One critical action to manage patient flow was establishing telemedicine services. We identify potential vulnerable doctors for COVID-19 and take them out from the ER to do telemedicine. We developed a health campaign and trained our physicians to deliver accurate information, pre-screening for COVID-19 symptoms and identify severity levels to determine the next steps (house confinement versus a visit to the ER, for example). This led us to reinforce virtual consultation or telehealth hotlines, so patients can go through triage by themselves and ask for instructions. By this method, patients get personalized attention by phone. Each hotline receives almost 10,000 calls on a single day on a service line that used to manage just 1,000 calls per day. The lines offer care recommendations, but also serve indirect purposes. Using telehealth discourages face-to-face consultation with patients presenting mild symptoms, while still offering opportunities to advise high-risk patients according to their needs and biological risk.
Another critical situation this outbreak provoked was to adapt our facilities in the emergency network, which have different infrastructure and security features, forcing us to standardize care procedures in these facilities, with the aim to improve general conditions and biosecurity protocols for all healthcare providers.
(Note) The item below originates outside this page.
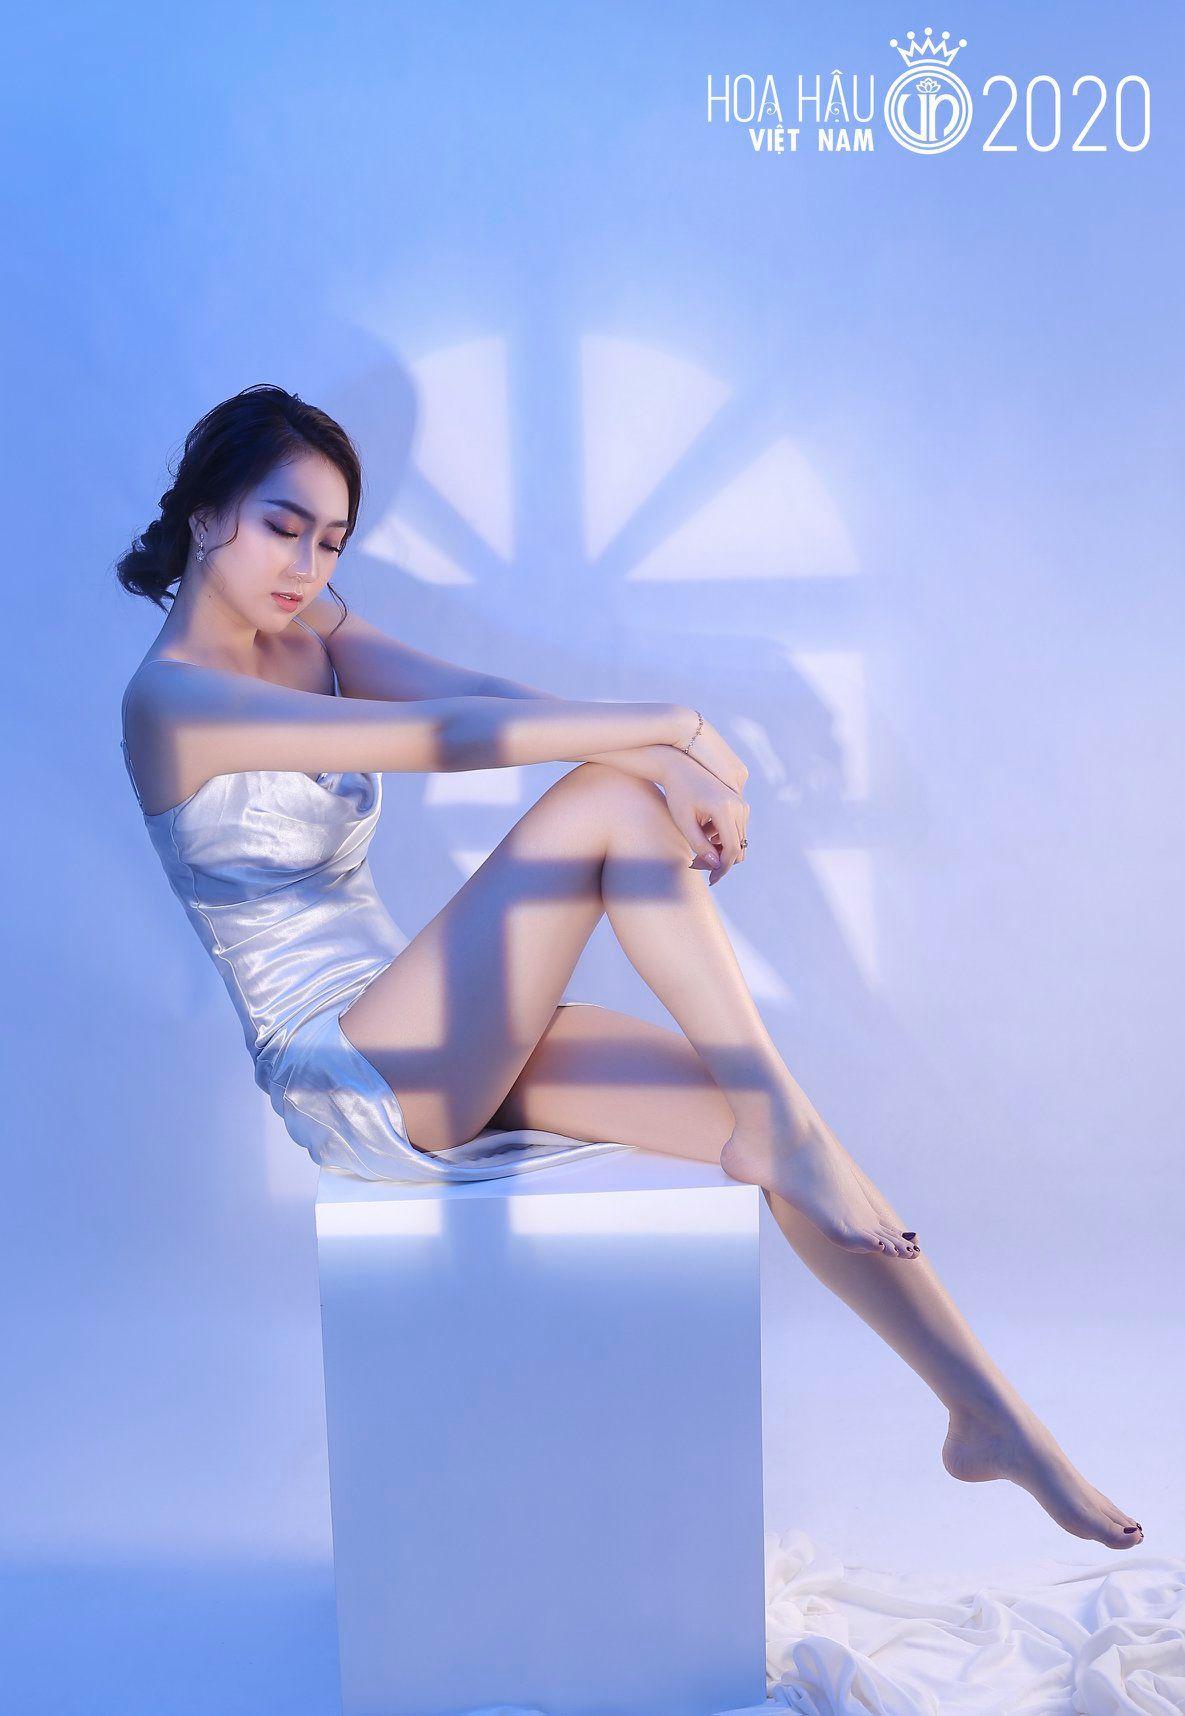 Hoa hậu Việt Nam 2020: Thí sinh nhịn cơm 3 tháng, treo lơ lửng để dáng hoàn mỹ - 1

An unexpected result was discovering that hidden costs were minimized.
We defined several strategies and scenarios. These include standardization across our practice. Our first strategy is to concentrate the care of patients with respiratory symptoms in specific locations, while leaving a narrow corridor to attend non-COVID emergencies. An adjacent strategy is to standardize other locations for regular consultation, leaving a narrow corridor in case a clueless patient with respiratory symptoms arrives at that facility. In that case, we establish clear transit routes to avoid generating flow crossings with biological risk. This action achieved better care and patient management with fewer adverse events, without requiring additional action from spread-thin healthcare personnel.
We are still learning; this is new to us all. We thought we had an idea of what to expect when we responded to an event of multiple victims. This far exceeds the projection we had, since it is considerably longer in time and involves all the hospital networks and resources. For those of us who have had experience in tactical medicine and emergencies, it can be stimulating, but we must recognize the vulnerability in our teams. Many teams have not been exposed to this type of risk before, so we must be alert to signs of fatigue, wear, and burnout as they can result in preventable adverse events that might put the entire service at risk.